The human head is believed to remain in a state of consciousness for one and one-half minutes after decapitation. In a heightened state of emotion, people speak at the rate of 160 words per minute. Inspired by the intersection of these two seemingly unrelated concepts, Pulitzer Prize-winning author Robert Olen Butler wrote sixty-two stories, each exactly 240 words in length, capturing the flow of thoughts and feelings that go through a person's mind after their head has been severed. The characters are both real and imagined—Medusa (beheaded by Perseus, 2000 BC), Anne Boleyn (beheaded at the behest of Henry VIII, 1536), a chicken (beheaded for Sunday dinner, Alabama, 1958), and the author (decapitated, on the job, 2008). Told with the intensity of a poet and the wit of a great storyteller, these final thoughts illuminate and crystallize more about the characters' own lives and the worlds they inhabit than many writers manage to convey in full-length biographies or novels. The stories, which have appeared in literary magazines across the country, are a delightful and intriguing creative feat from one of today's most inventive writers.
My take: 5 stars
I saw this book on a cart outside Books-a-Million years and years ago. I looked through it, thought it was intriguing, and put it back. I have thought of it at various times over the years, and wished I had purchased it. Not only could I not remember the author's name, I also could not remember the title. The only thing I remembered was that each page was 240 words in length and there was no punctuation.

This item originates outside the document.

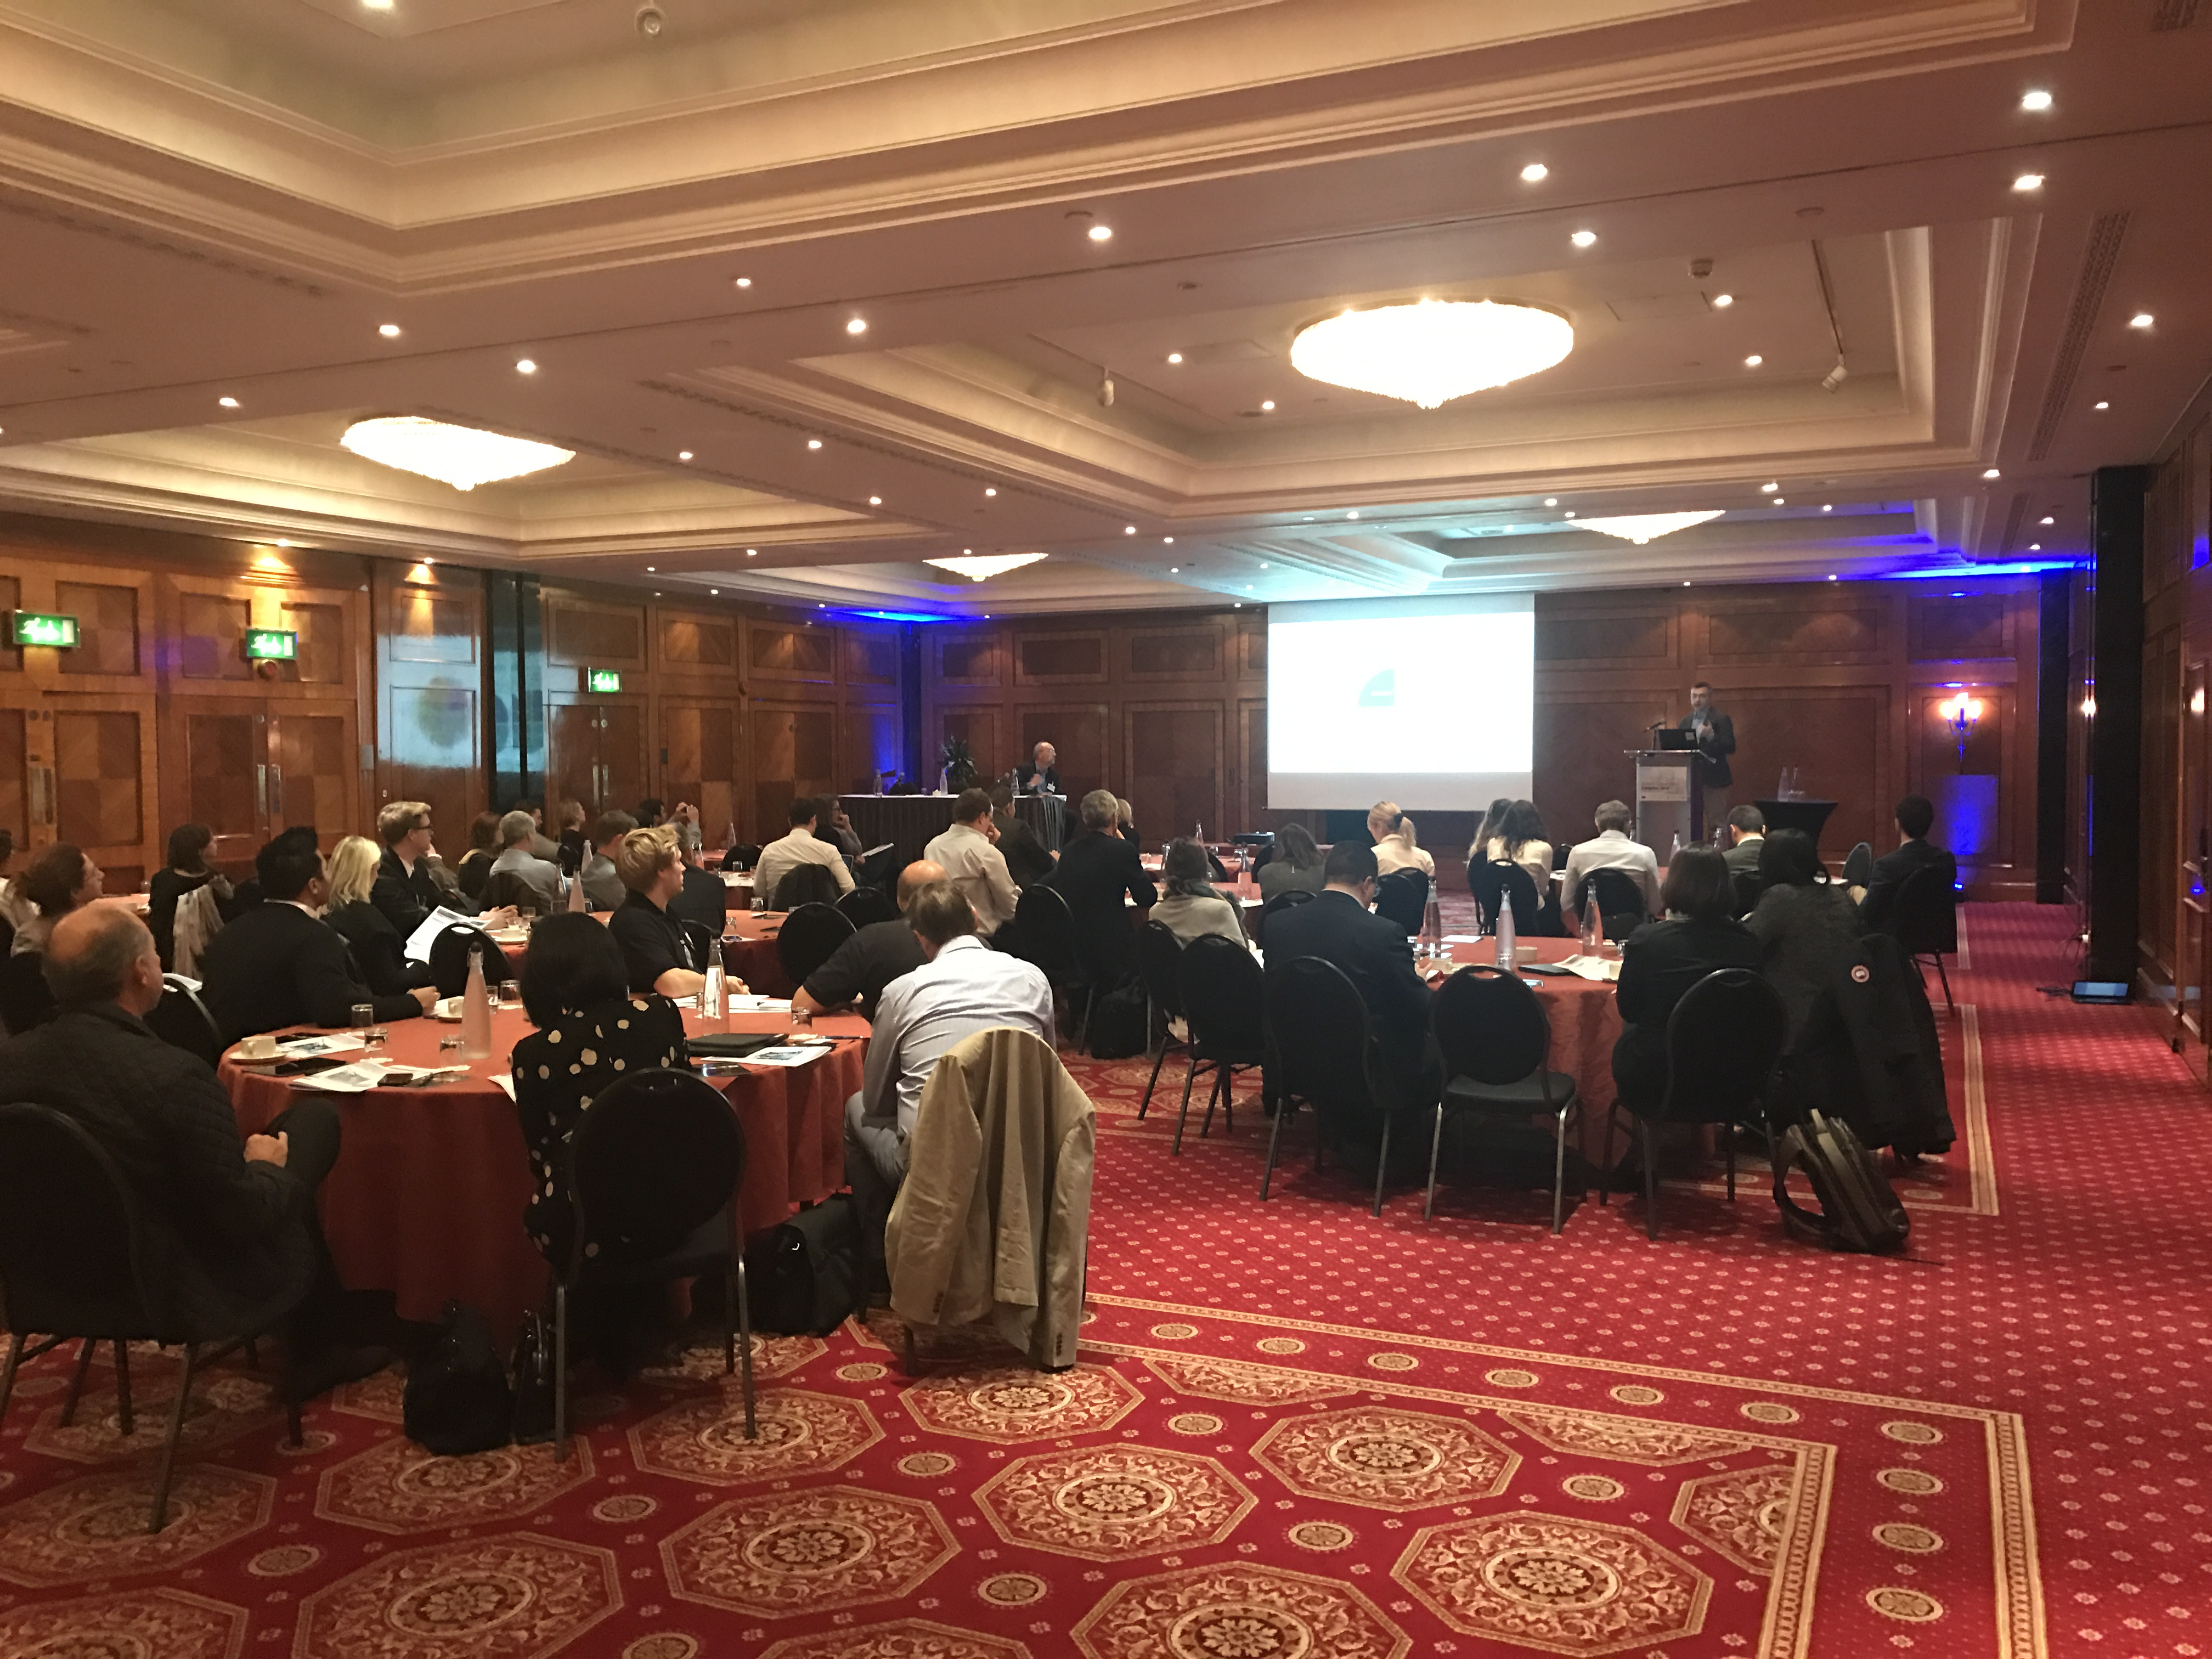 Londra konferans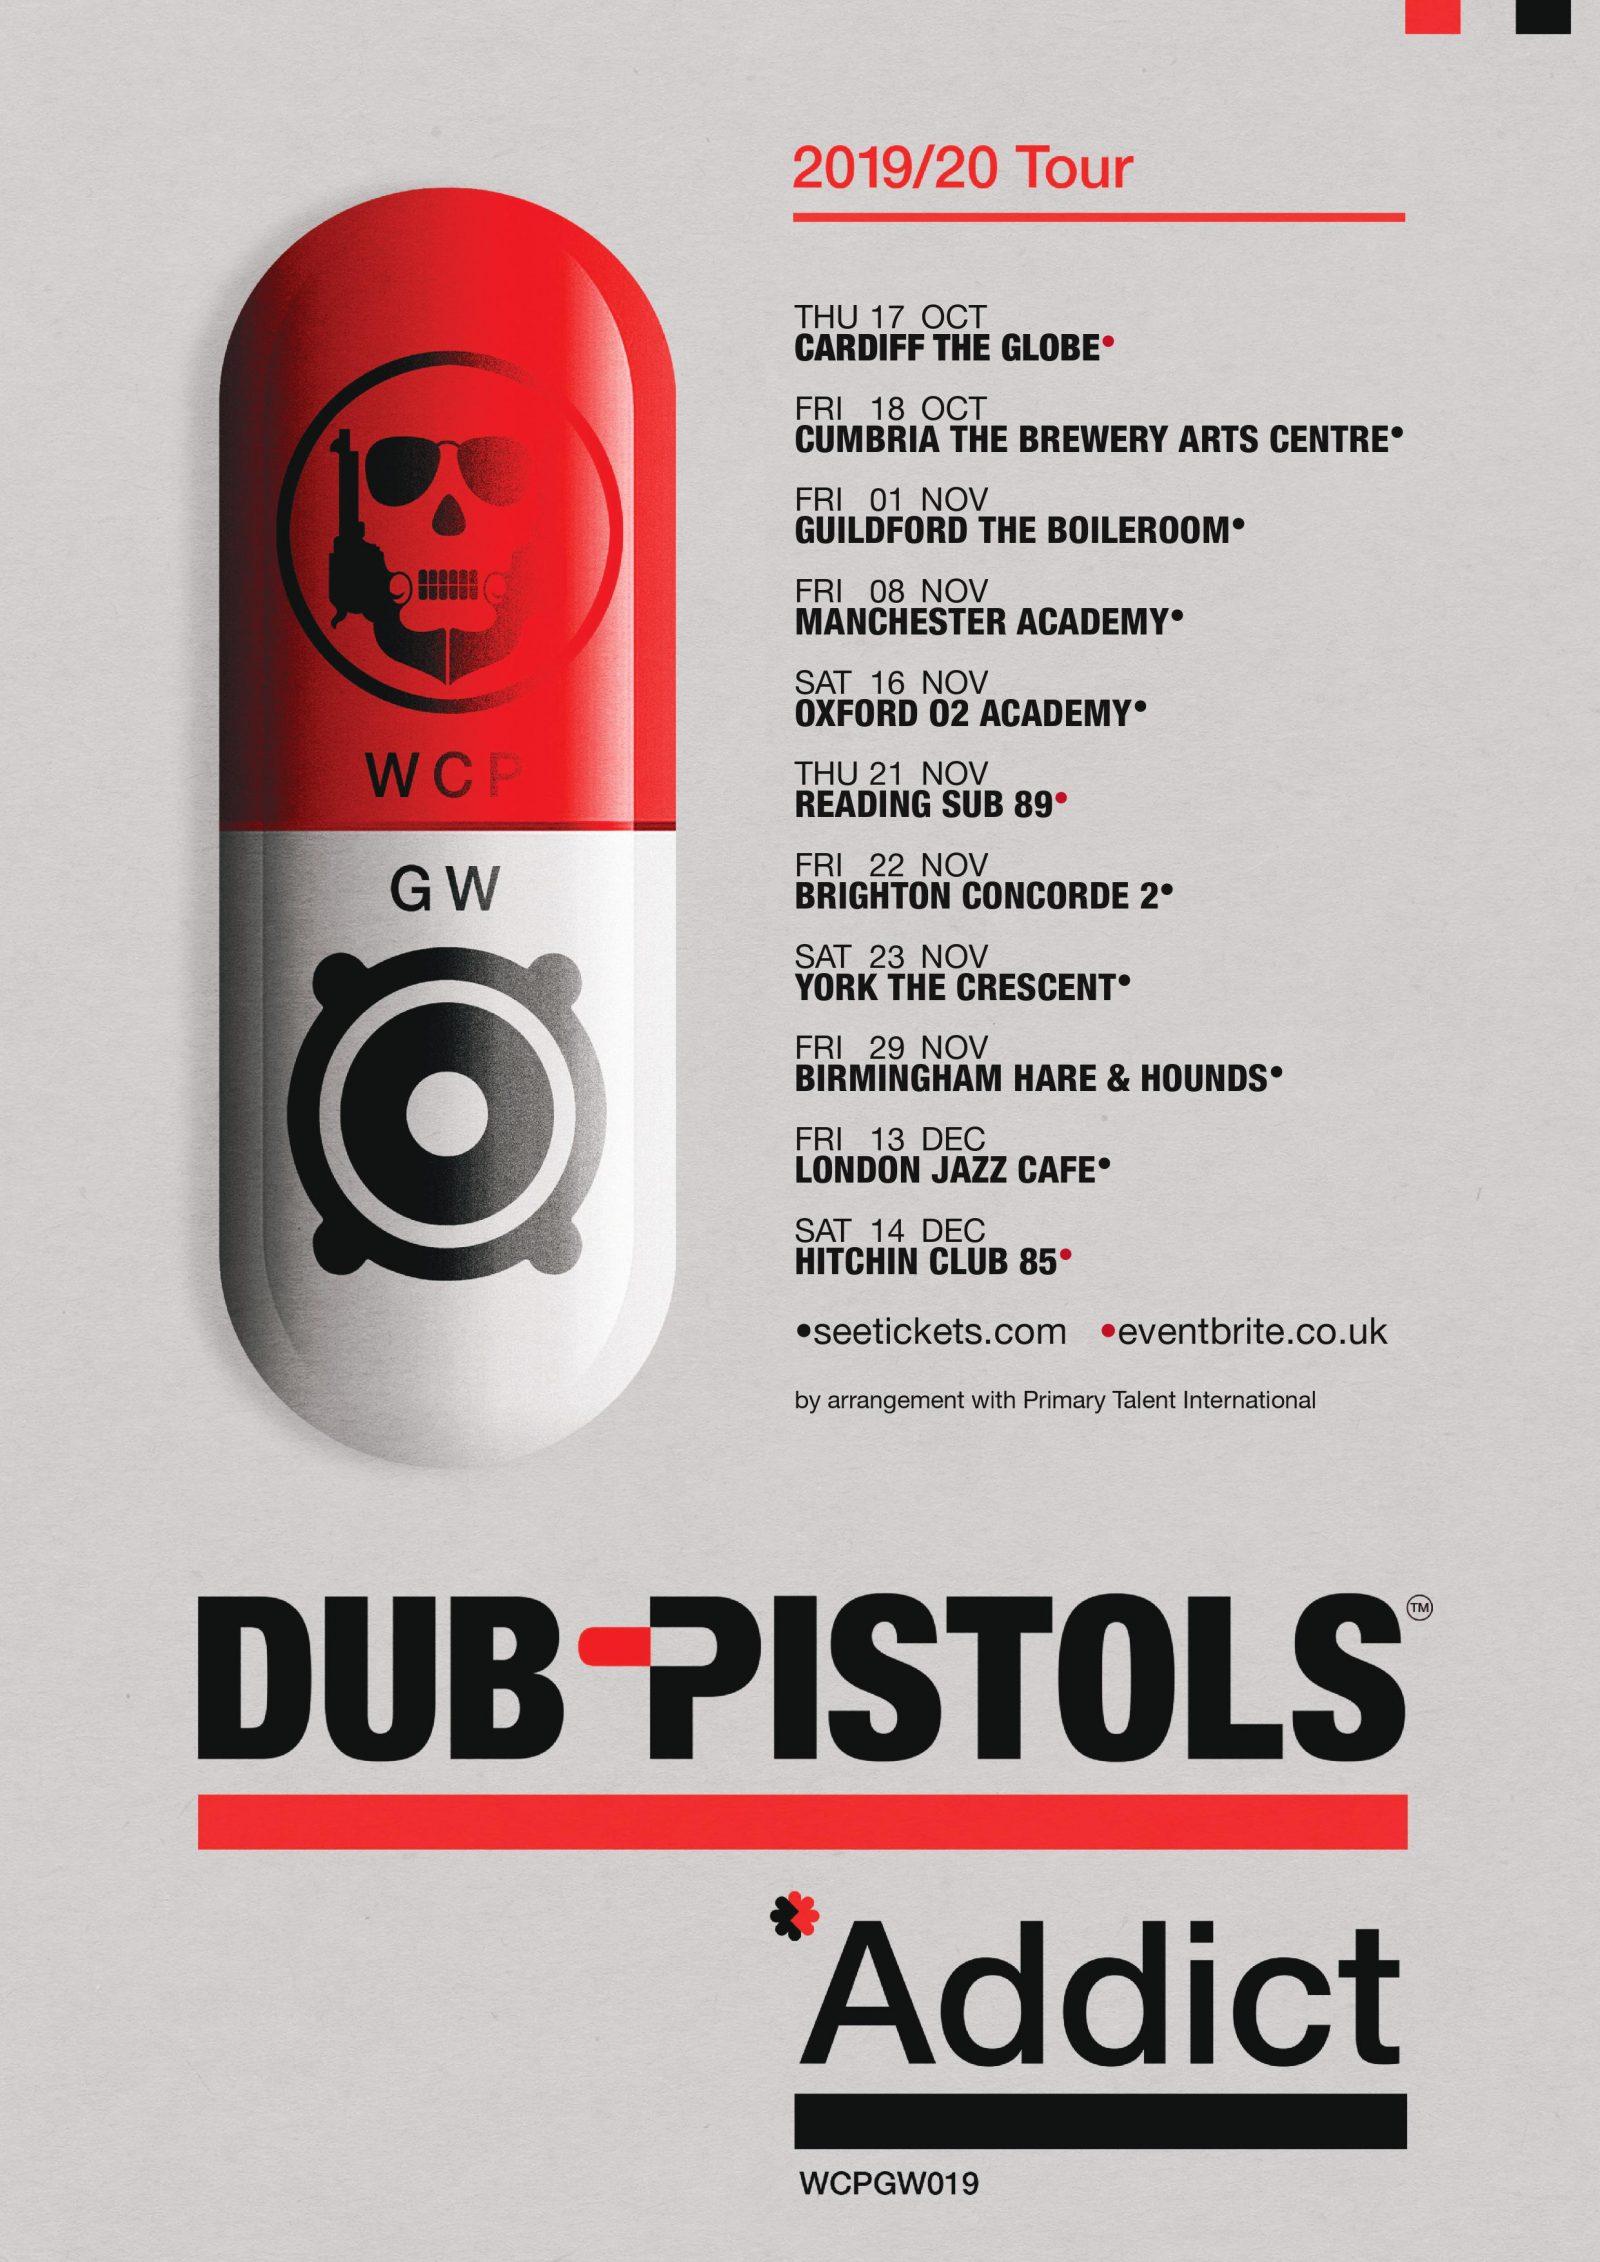 Dub Pistols – Dub Pistols news, music, photos and tour dates

Fast forward to last week, when I just happened upon it online. Kismet!! It was at Half Price Books, and I ordered it immediately. Imagine my delight when it arrived signed by the author!! Of course, it is signed "To Lauren", but that matters not to me.
On with the review. First of all, the premise of this one is magnificent! The last thoughts of a freshly decapitated person (well ... almost all are people). I would have found it interesting to know what the person was thinking about their current situation, but I'll bet it would have all been the same. Kind of a "Well, crap!" trail of thought. Instead, Olen Butler writes their last thoughts as the thing they loved most in life. It may be memories of a father, a lover, or a Messiah. What they would more than likely miss most.
Taking this vantage point not only varies the stories a great deal, it also gives insight into the lives of these people. As much as 240 words can.
I also love the fact that there is no punctuation. I can imagine the rambling thoughts of a dying person being just like this, and stopping in mid-thought, as all of these do.
All-in-all, this is a brilliant little book, and highly recommended.